Variable strong in Pearson coefficient calculation but weak in linear regression

#1
Pearson coefficient calculations:

# Jews v. Cases/Million r = 0.6199 (p = .000154)
# Christians v. Cases/Million r = .5876 (p = .000416)
# Int Adoptions v. Cases/Million r = 0.5371 (p = .000675)
Tourist Revenue v. Cases/Million r = .483 (p= .005)
# Tests/million v. Cases/Million r = 0.3925 (p = .026)
Wealth v. Cases/Million r = 0.3592 (p = .044)

Not significant.
Imports v cases/million
GDP/person v cases per million
Weighted population density v cases/million
Democracy index v cases/million
# Muslims v cases/million
Individuality index v cases/million
Social tightness v cases/million.


Regression equations:

1) Cases/million = 481.8278 + 0.4358 x christians + 1.2311 x jews + 14.168 x tests/million; 481.8278 (p = .5896 ) .4358 (p = .0002 ) 1.2311 (p = .0052 ) 14.1658 ( p = .0004 ) ; overall r6688 .=2 ; p = <.0001
2) cases/million = 811.53656 + .47958 x #christians + .47737 x int. adoptions + 15.16184 x tests/million - .80862 x Net Wealth ; 811.53656 (p = .42816), .47958 (p = .00083), .47737 (p = .04058), 15.16184 (p = .00493), .80862 (p = .10171) ; overall: R- squared .62492, p = .00002.
3) cases/million = 2552.65964 + 1.28701 x #Jews + .49275 x int. adoptions + 8.52382 x tests/million - .56025 x Net Wealth ; 2552.65964 (p = .02), 1.28701 (p = .04), .49275 (p = .07392), 8.52382 (p = .136), -.56025 (p = .30684) ; overall: R- squared .51199, p = .00049
4) cases/million = 1042.7738 + 1.2967 x # Jews + .4841 x # Christians + .3059 x # int. adoptions -10.3612 x tourist revenue + 13.2326 x tests/million - .7981 x wealth ; 1042.7738 (p = .3588), 1.2967 (p = .0135), .4841 (p = .0003), .3059 (p = .3949), -10.3612 (p = .8181), 13.2326 ( p = .0077), .7981 (p = .1083); overall: R-squared = .7137, p = <.0001.

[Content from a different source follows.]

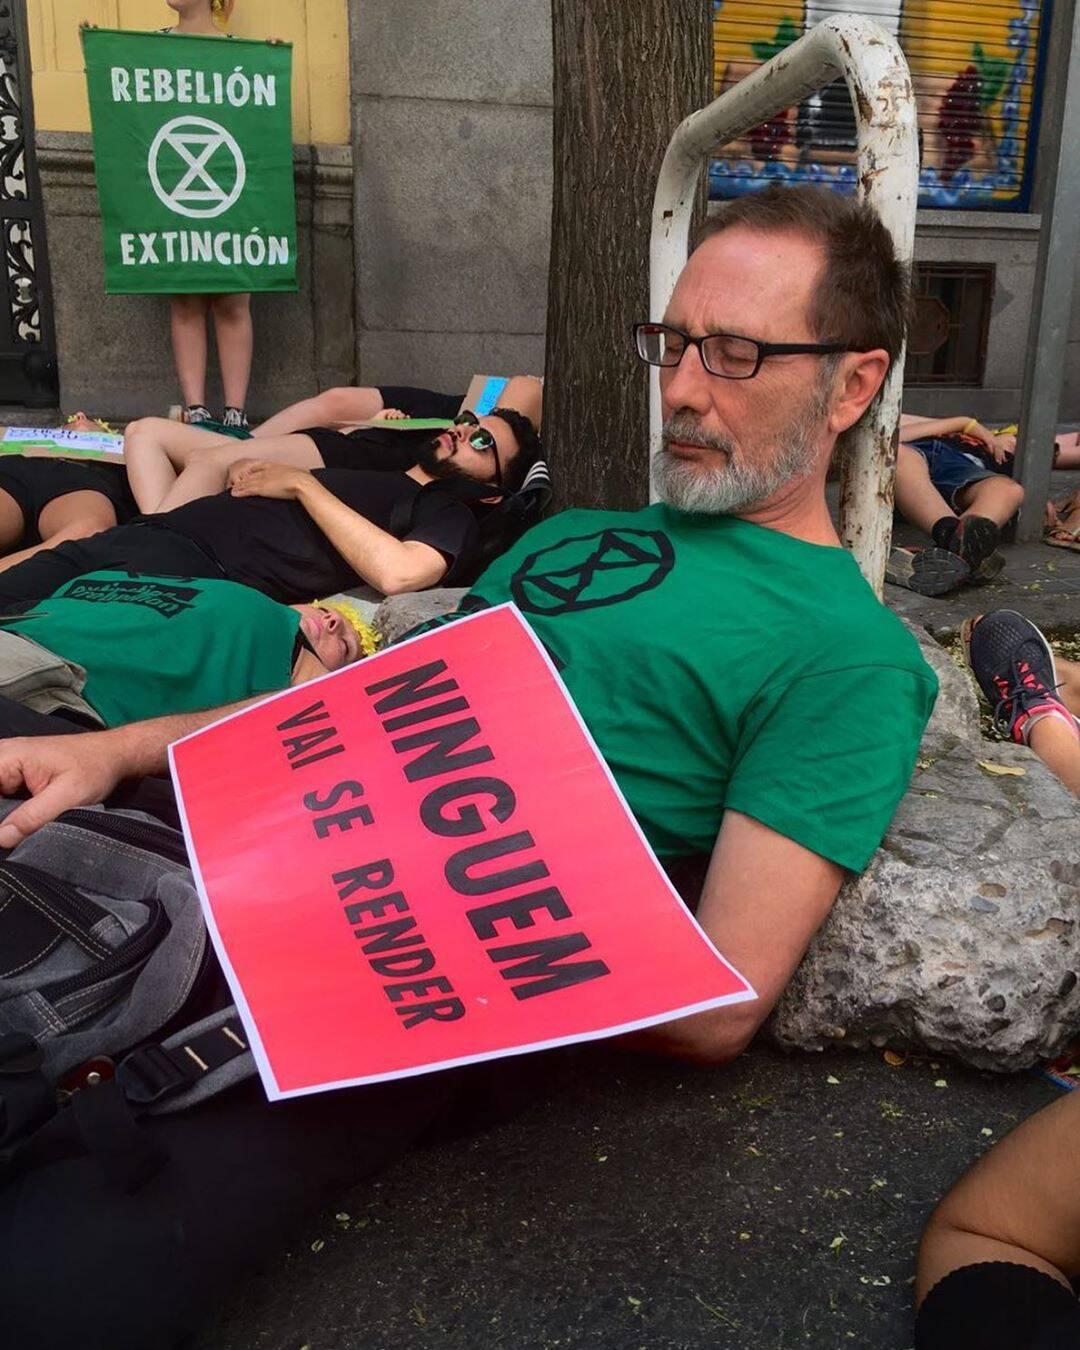 """Protestante espanhol deita no chão: """"Ninguém vai se render"""" /Foto: Reprodução"""

My study suggests a psychological connection between # int. adoptions and COVID19 cases/million; however #int. adoptions doesn't perform well in linear regression equations. What can I conclude?
 
Last edited:

hlsmith

Less is more. Stay pure. Stay poor.
#2
It is a little hard to discern what you have going on above (text kind of congested), but did you run a bunch of bivariate correlations then multiple regressions? If so, they are not the same thing, since the latter is 'adjusting' for the other variables in the model at the same time.